Sunday, January 24, 2010

A Prayer Request

Paralyzed with fear. I don't know a better way of putting it. My daughter, in a few short days, is having heart surgery and I am terrified. I'm going through the motions of each day, of course, doing the things I need to do for the normal routine: working, taking care of Lilly, interacting normally with friends and aquaintances, but inside I am freaking out. Lilly is having a hole in her heart repaired this Thursday. It's not open heart surgery, but a catheterization surgery which will permanently implant a device that will shut the hole forever. As far as heart stuff goes, it's not a huge deal, but as far as children go, it is surgery, and it is a 3 year old's little heart, and Lilly is my only daughter, the best thing about each and every one of my days. It is so hard to think about Jon and I giving her over to the surgeons in a few days, entrusting our precious little angel to their impersonal hands. They don't know her, they don't love her, and in some ways she is just another surgery, just another kid to heal and a surgery to check of their list and just another patient to teach the residents about. To us, to me and to Jon, she is our everything. I hope they realize that, that in every way that counts, our world did not begin until she was born, our lives did not have purpose, our own hearts did not understand what love was until she instilled that feeling upon us.


I know I sound dramatic but you have to understand: my daughter is having surgery. There are so many moments that we, as her parents, might put her in a situation that has risks. We drive with her every day knowing that we might get in a car accident. We fly with her regularly knowing that the plane may go down. But we are beside her, we know the risks and could carefully protect her if at all possible. On Thursday, we turn her over to doctors who I'm praying had a good night's sleep the night before and who I'm hoping did not just get in a fight with his wife. I'm relying on nurses who make the right decisions every day but on this day in particular I'm begging the Lord that they are particularly "on."


I'm a little wishy washy about prayer requests in general. Whenever I hear someone ask for a prayer request, I of course oblige but feel a little odd about it. Like they feel a little forced at times. Not that I don't regularly pray; prayer has been a big deal to me ever since I've understood how much God is important to me. So many times, I've asked God for help, prayed for Him to show me the way, thanked Him for the blessings He's given to me. But this time it's different, it's bigger.

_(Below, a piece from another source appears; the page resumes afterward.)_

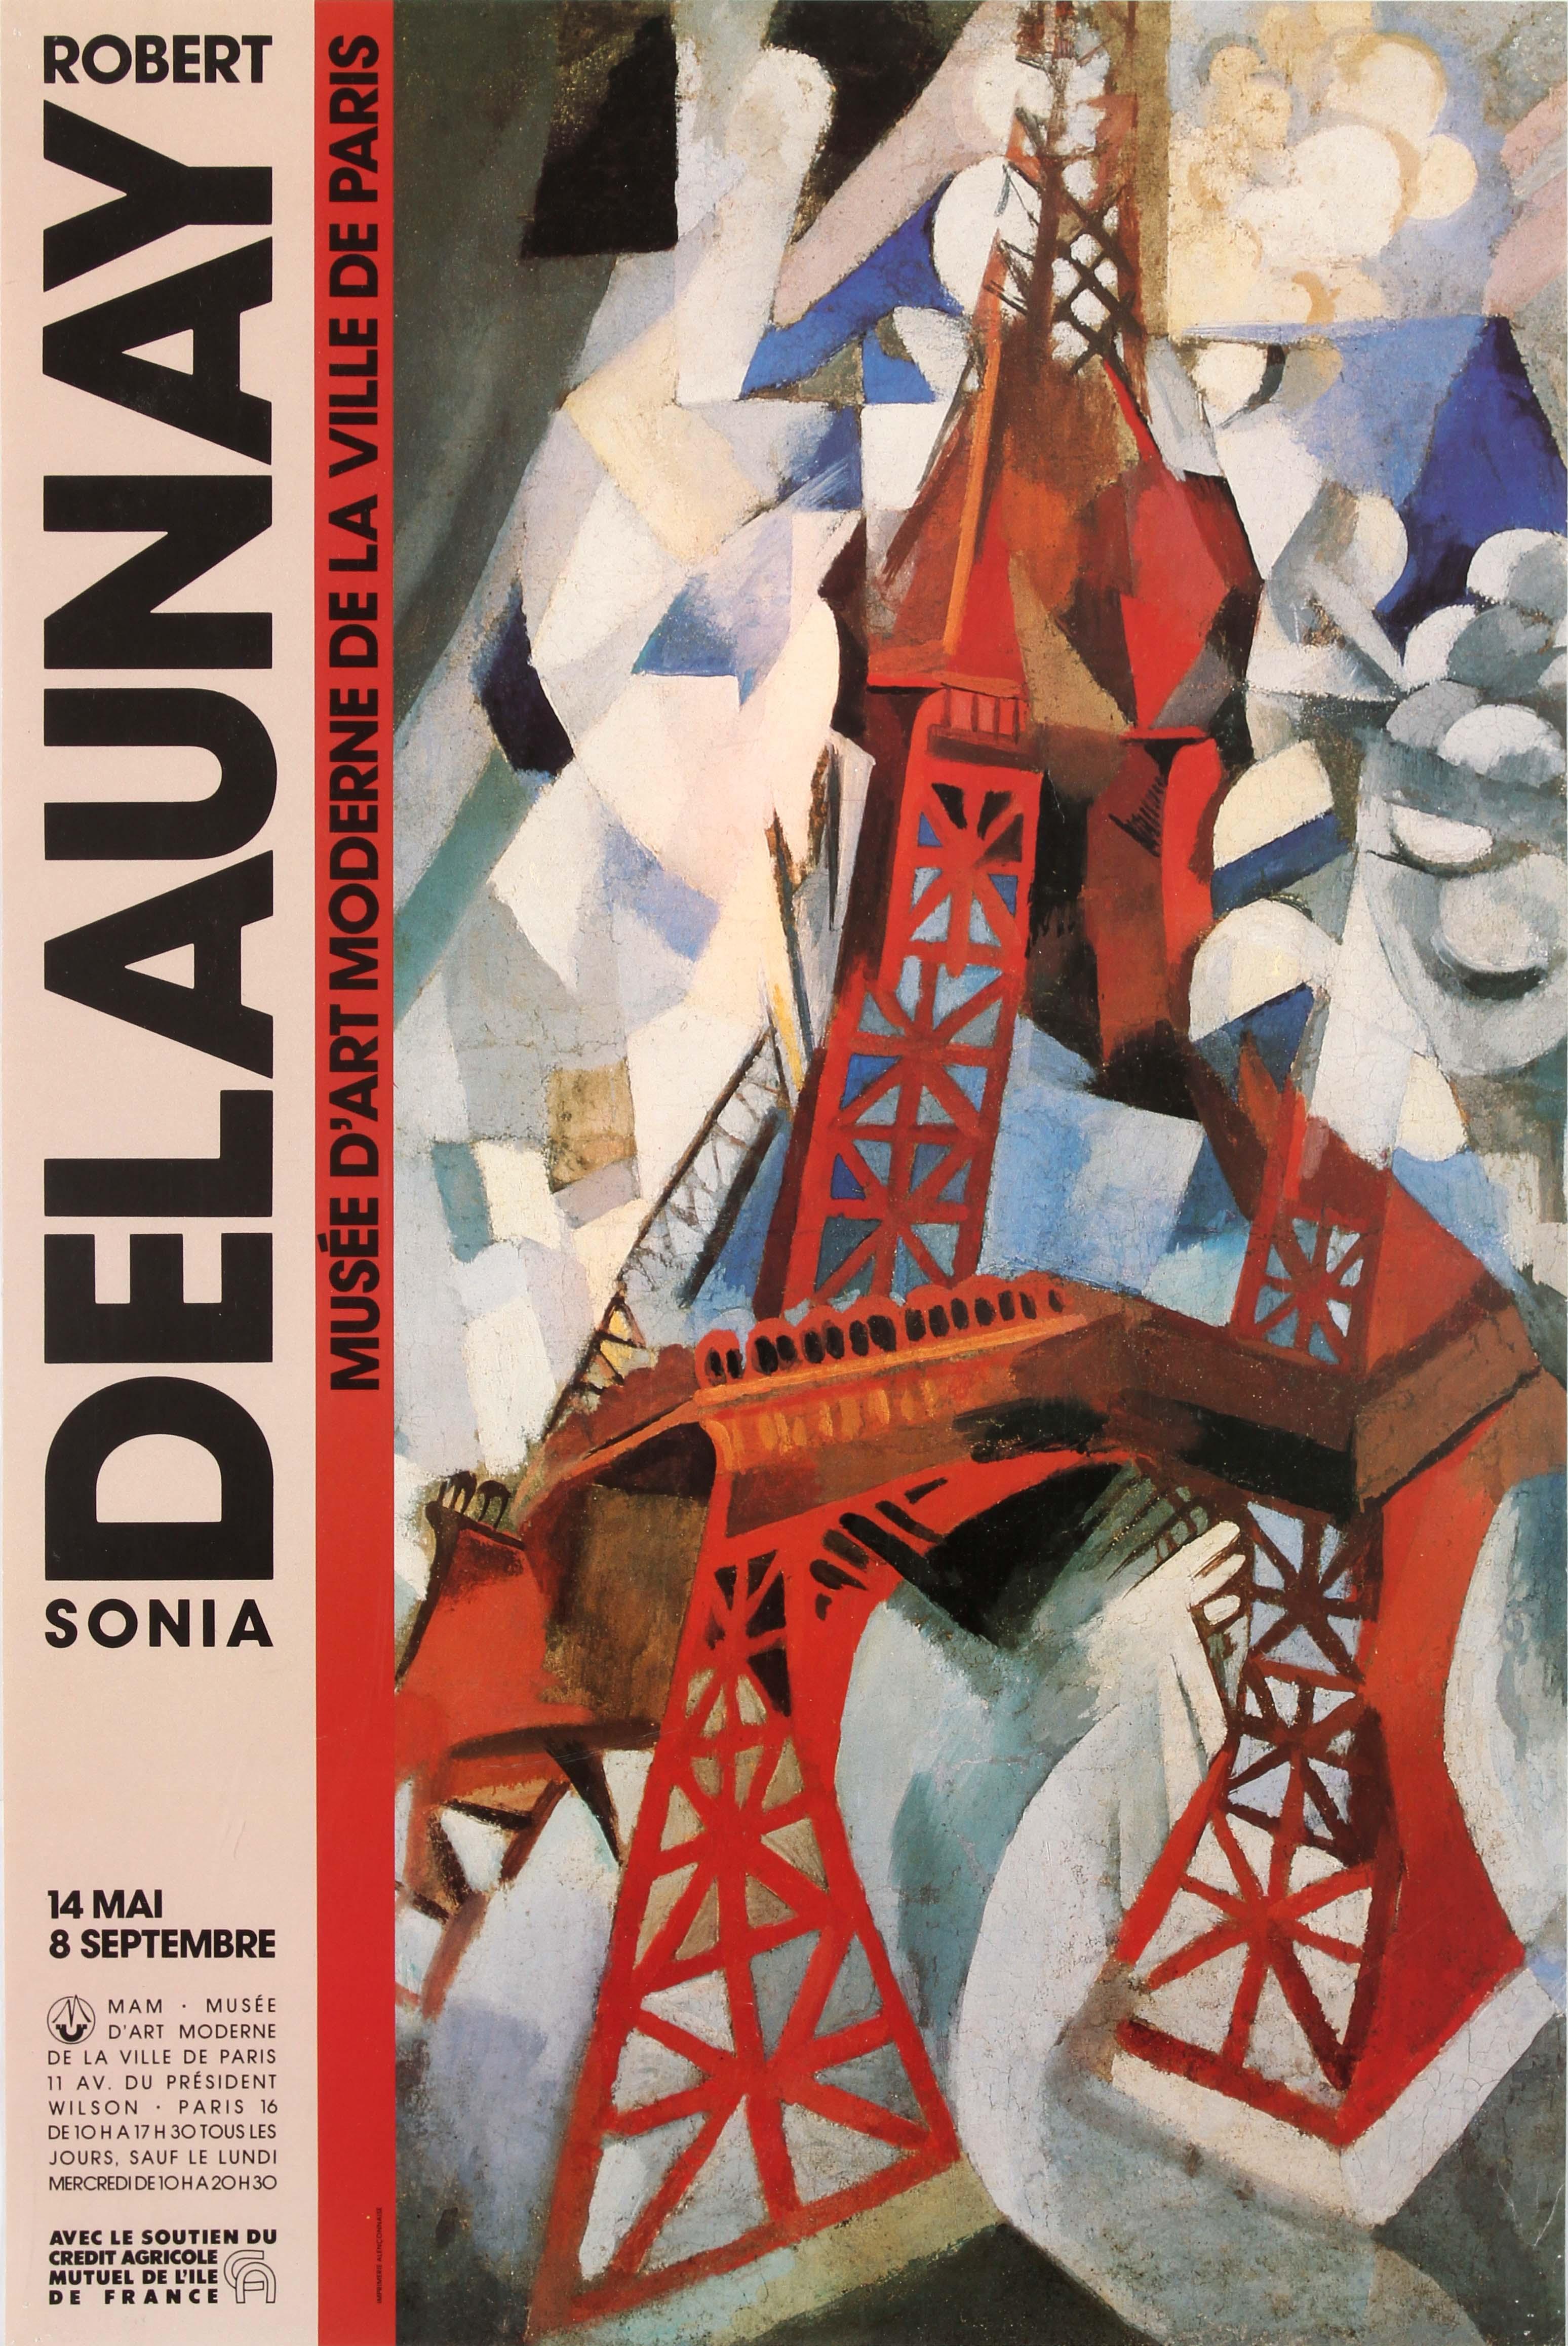 Lot 1804 - Advertising Poster Robert & Sonia Delaunay Exhibition Museum of Modern Art of Paris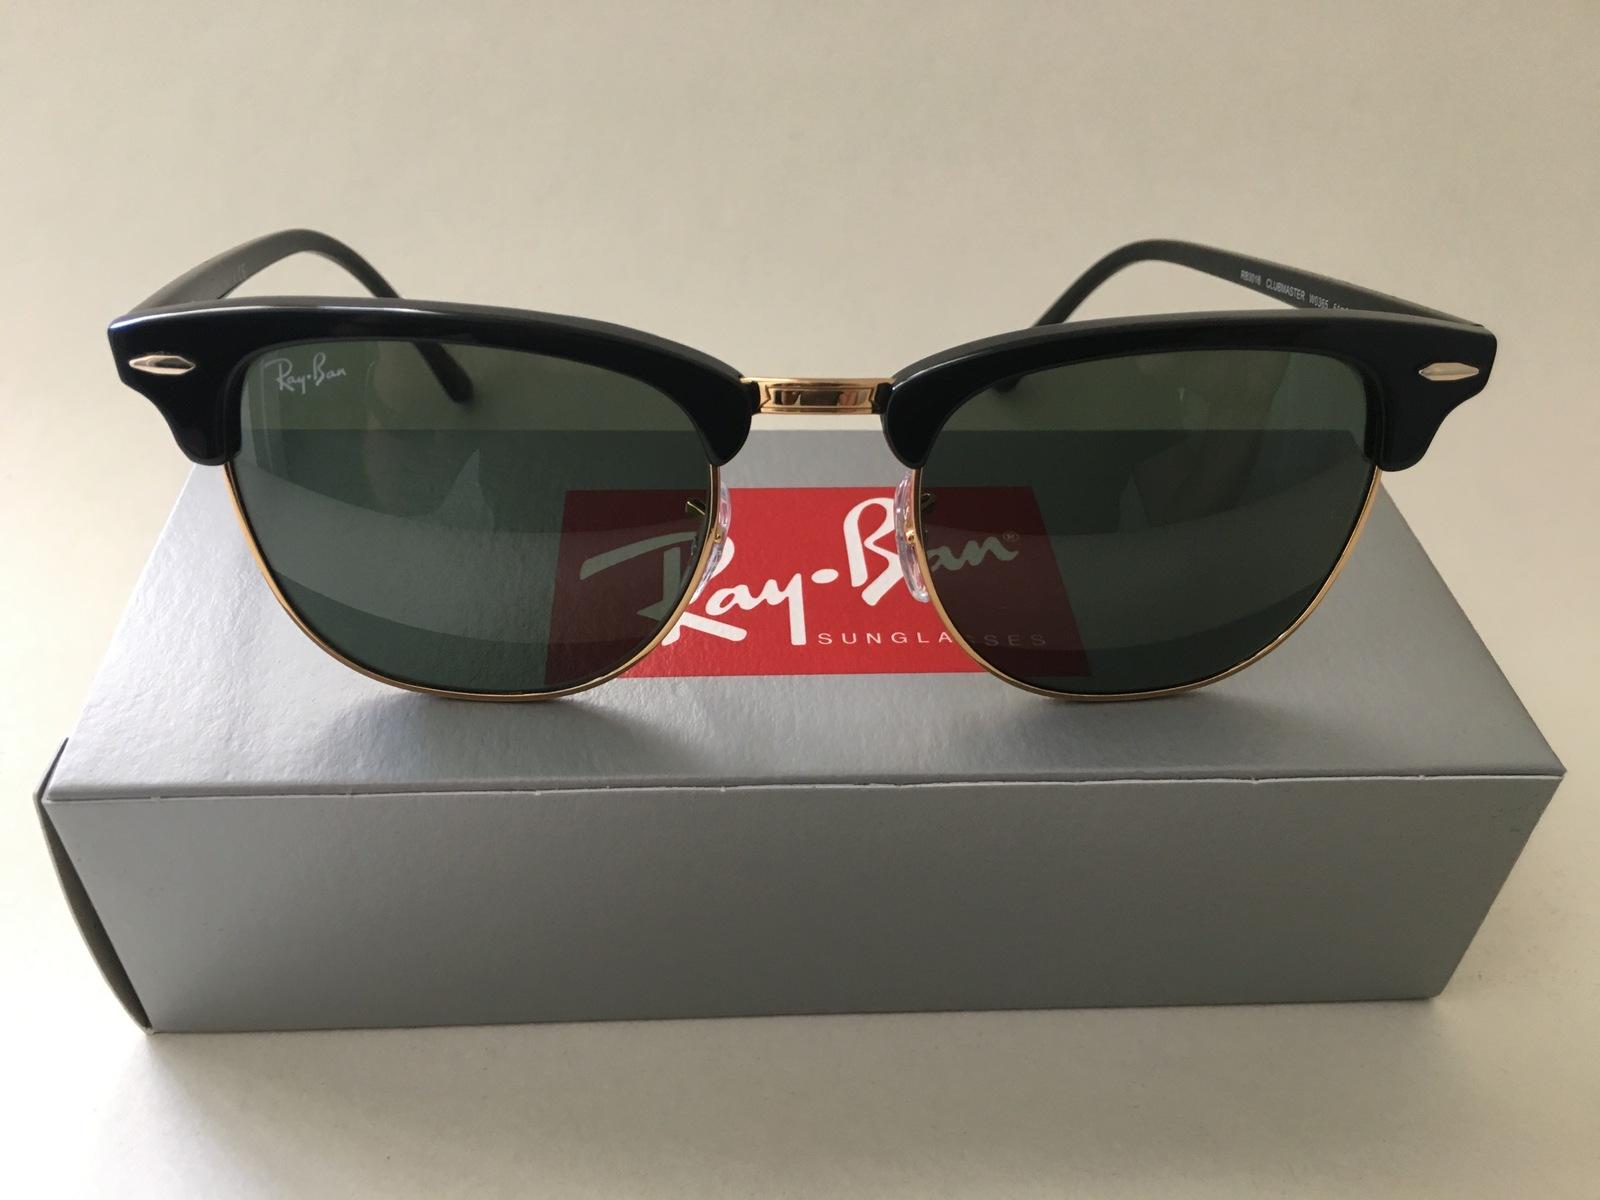 e9d9f0ad29 Rb3016 w0365 1. Rb3016 w0365 1. Previous. Ray-Ban RB3016 W0365 Black   Gold Clubmaster  Sunglasses G15 Green Lens ...

We have a very sweet cleaning lady every other week, and last week I told her about Lilly's surgery. She started to cry, as I tried to assure her it was going to be ok (all the while hoping I was right). She said she would pray for Lilly, that she hasn't prayed in a long time, but this was going to be a "down on my knees" kind of prayer that she'd pray for my little girl. I understood exactly what she was saying. The only time I've ever felt that way before was when Lilly was born, and she was on oxygen, and we just prayed so hard that she would be ok and get to come home with us quickly and a healthy little girl. She was in the hospital for 2 weeks on oxygen, most of the time with us being unable to hold her but we stayed by her 24/7 nonetheless. I prayed as often as I could, as hard as I could. Most of the time I prayed the rosary, because sometimes it is easier not having to specifically state what you want God to do, but to put my entire faith in His plans. I can't even count the number of times I prayed the rosary over those two weeks, but I remember saying the prayers multiple times every morning, noon, night, and in the middle of the night. And if we left the room for a few minutes, we left the rosary in Lilly's hands, and my little baby, days old, clutched that rosary as if she knew how hard her mama needed her to be ok. God gave us both strength and shortly after she came home and got off her oxygen.



And the past 3 and a half years have been amazing, which is why this surgery is throwing me for a loop. I'm not ready for the risks associated with it. I just want my girl to be happy and healthy for 100 more years, without the worry that something could go wrong. I know it's not in my hands, it's in God's, but you know that for the next week at least I'll be down on my knees praying that my little girl will be alright. Because she has to be, there is no other choice.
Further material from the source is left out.